The reality is, however, that while marketing leaders may have access to thousands of data points and hundreds of reports, they may not be focused on those that are most impactful to the business—especially when the marketplace is changing so rapidly. I’ve narrowed it down to what I see as the three most critical reports that CMOs need to have at their fingertips right now:

Lead-To-Revenue Report

Are your MQLs producing revenue? Can you prove it? It seems like a simple and straightforward concept to be able to track the marketing source of a lead and ensure that the data is ‘credited’ with the eventual opportunity and associated revenue.

However, in reality, B2B sales are long in duration and incredibly complex, involving multiple people on the account and multiple touchpoints and channels throughout the buyer’s journey.  In addition, sales is often incentivized to generate their own leads that end up competing with or even overriding marketing-generated leads in the CRM. In order to ensure the sanctity of this data and the corresponding report(s), it is critical that the CMO is well aligned with the head of sales with regards to the process for generating leads and opportunities.

Pro Tip: Whoever initially generated the lead (marketing or sales) should follow through all the way to creating the opportunity in order to preserve the data flow. An additional benefit of this is that you’ll be able to consistently and accurately measure average time to close.

Pipeline Velocity Report

How do you demonstrate—via data—that marketing is aligned with sales? Marketing leaders talk about their close partnership with sales on a regular basis (read: constantly) but need to prove that their marketing qualified leads (MQLs) have a high rate of acceptance by sales, which means converting them to sales qualified leads (SQLs).  Marketing organizations that have set up a formal process for sales to accept and reject leads AND collect qualitative data on the reasons for rejection are those that are set up for success in reporting and measurement in this critical area.

For those organizations that are vested in account-based marketing (ABM), this changes the game entirely, because those marketers are pairing their portfolio of named accounts to a salesperson’s portfolio of named accounts. Hence, the goal would be to measure the effectiveness of the combined pair (marketing and sales) effectiveness (producing revenue) vs each individual effectiveness as described above. Most B2B organizations are not (yet) doing ABM reporting on the ratio of MQL to SQL because they have singular reporting structures and, therefore, no incentive to report jointly.

Pro Tip: Change the incentives and reward for both teams, reward both team members on the basis of shared metrics such as the level of overlap between sales and marketing account portfolios, the number of MQLs that convert to SQLs, and the number of SQLs that convert to opportunities.

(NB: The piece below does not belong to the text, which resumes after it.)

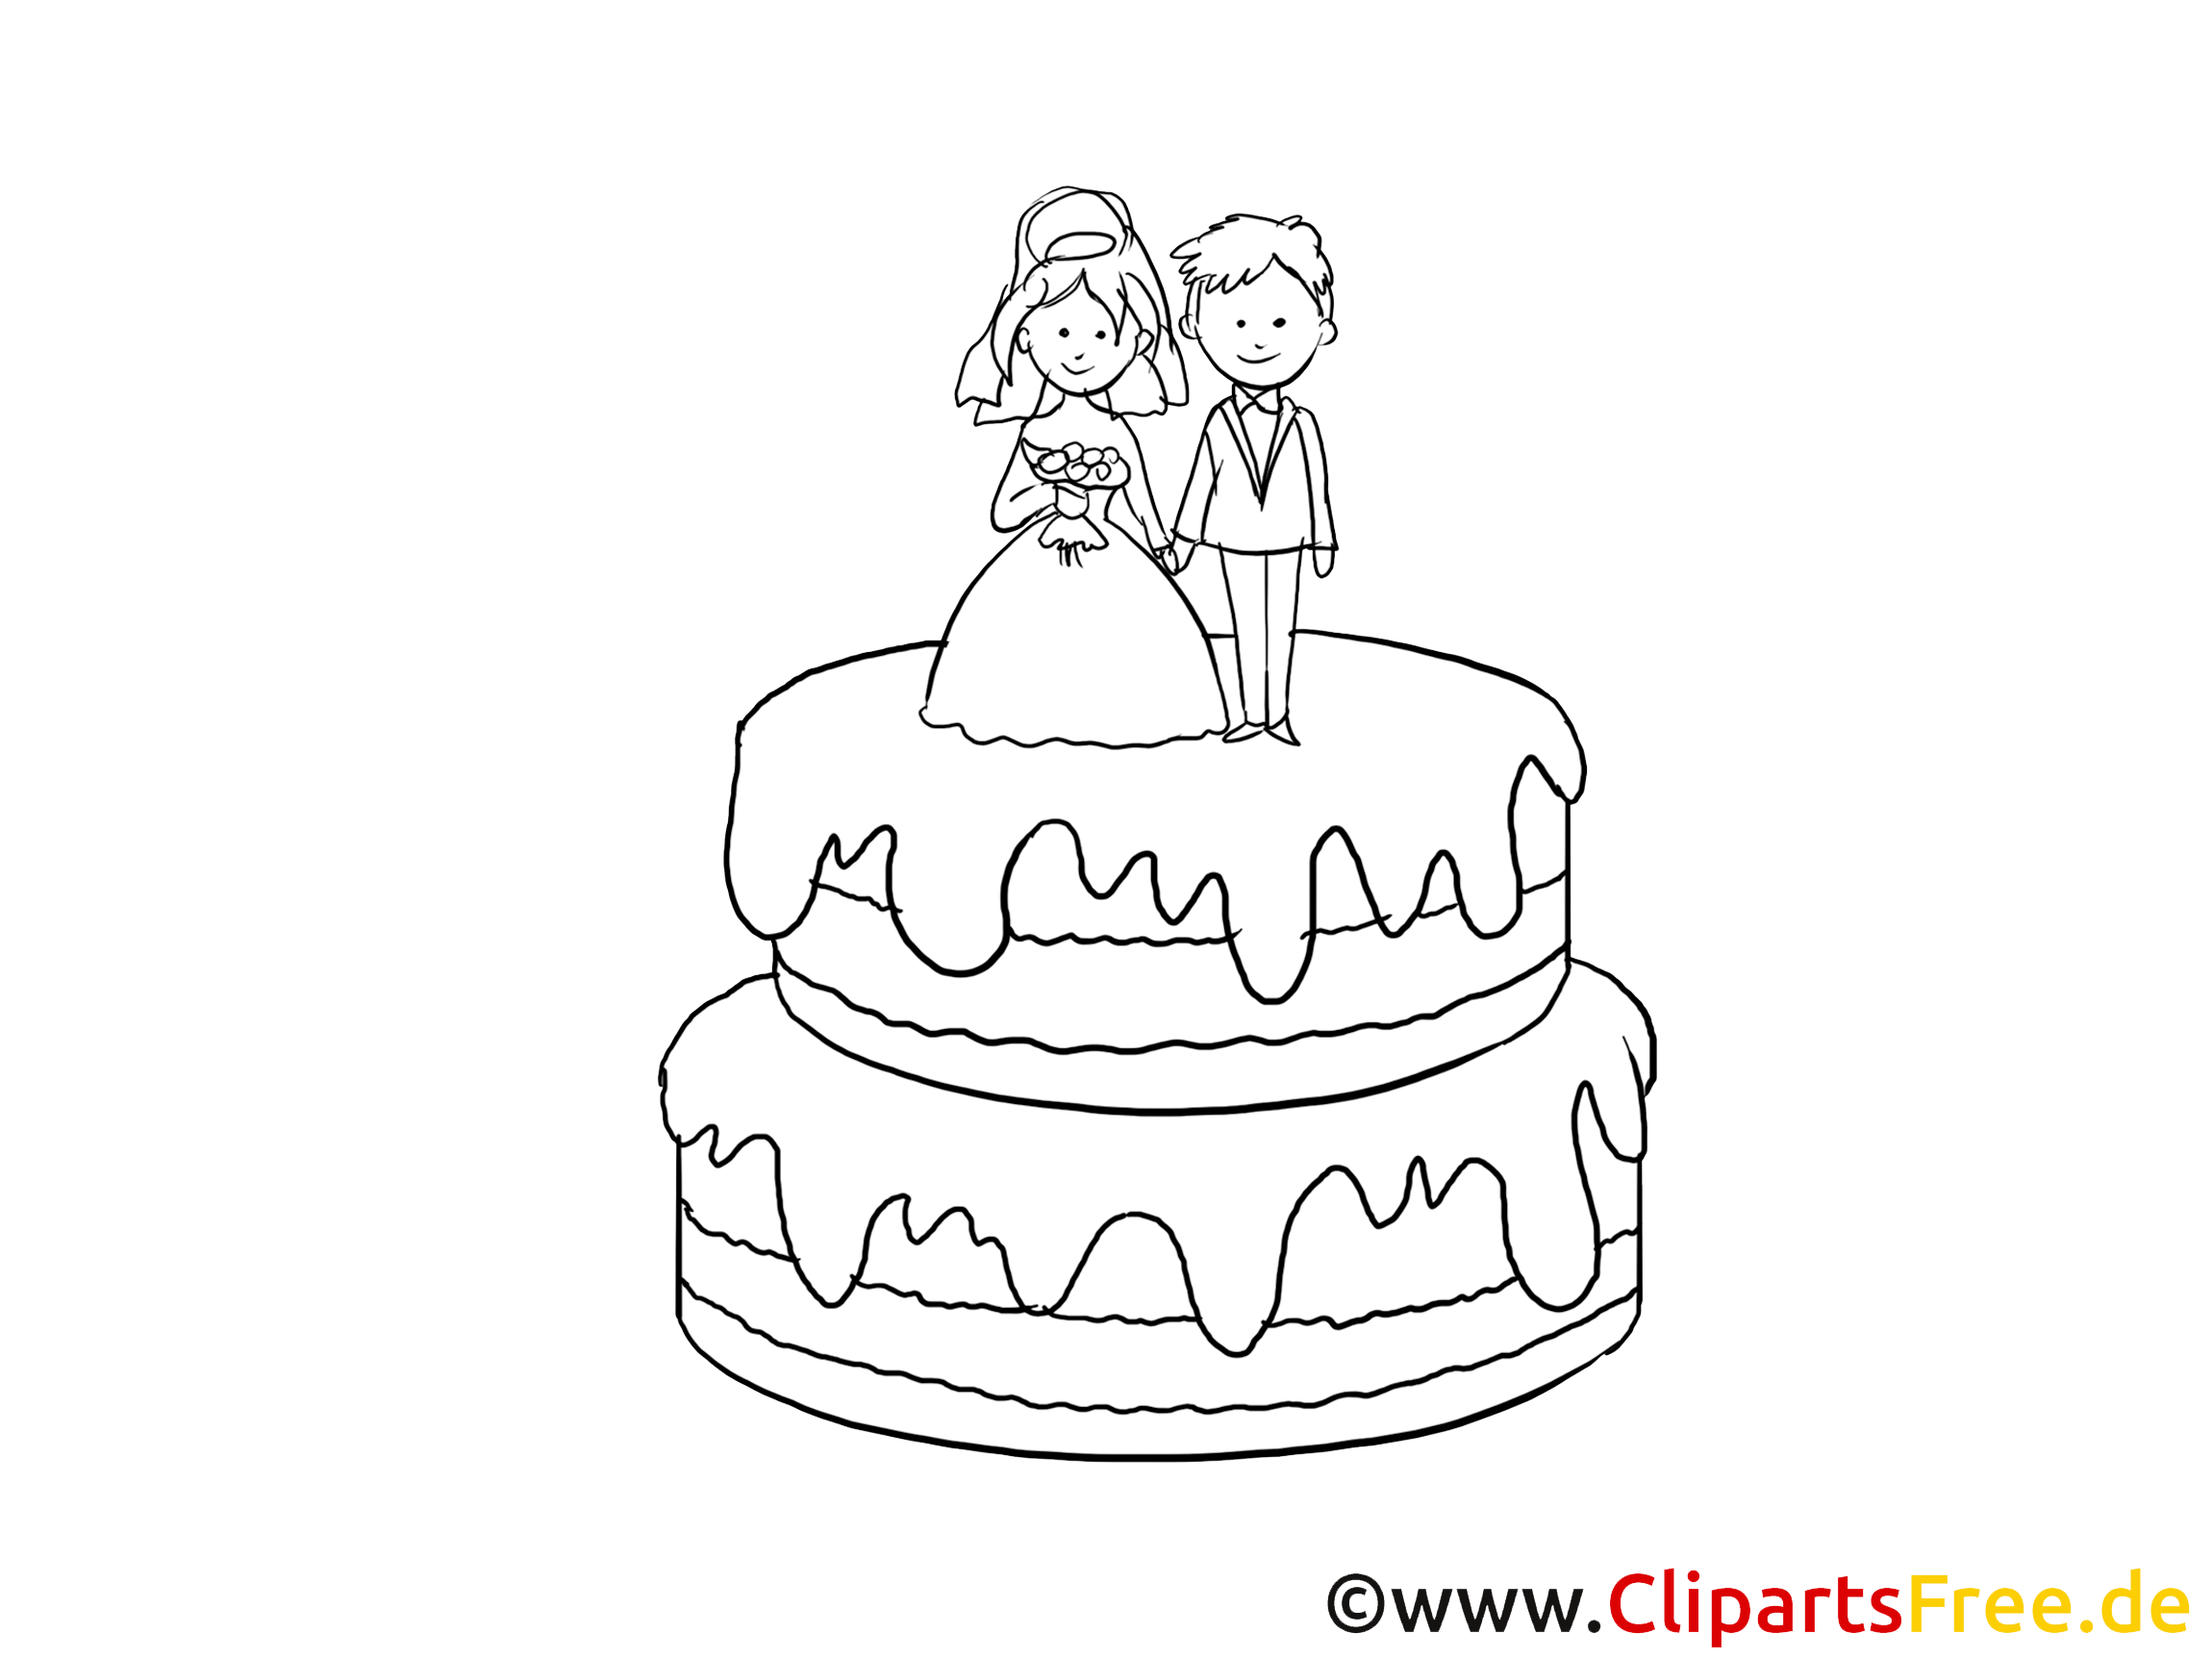 clipart torte kostenlos - photo #6

Content Effectiveness Report

While many marketing teams today have established strong content strategies based on buyer personas, they still struggle to create seemingly straightforward content effectiveness reports that identify high- and low-performing content. While the content itself may be best in class, it is worthless unless marketing teams can demonstrate why it matters and what impact it has on the business.

Normally, marketing reports take a person focus, (i.e. customer journeys or lead lifecycles), to track revenue impact, but you can also consider reporting with a content focus and measuring each asset all the way through to revenue. In a well-constructed system, those touchpoints are aligned via the person’s record. Given our proxy for money is people and our measurement for content is people (and their consumption of content), every content touchpoint can be attributed revenue. It’s the same data that supports the customer journey,  just viewed from a content perspective.

Pro Tip: If attributing revenue to individual content items is too much of a stretch, start with attributing content to MQLs. You can rank your content by the number of MQLs each asset created. And you can then weight the MQL division across the content structure.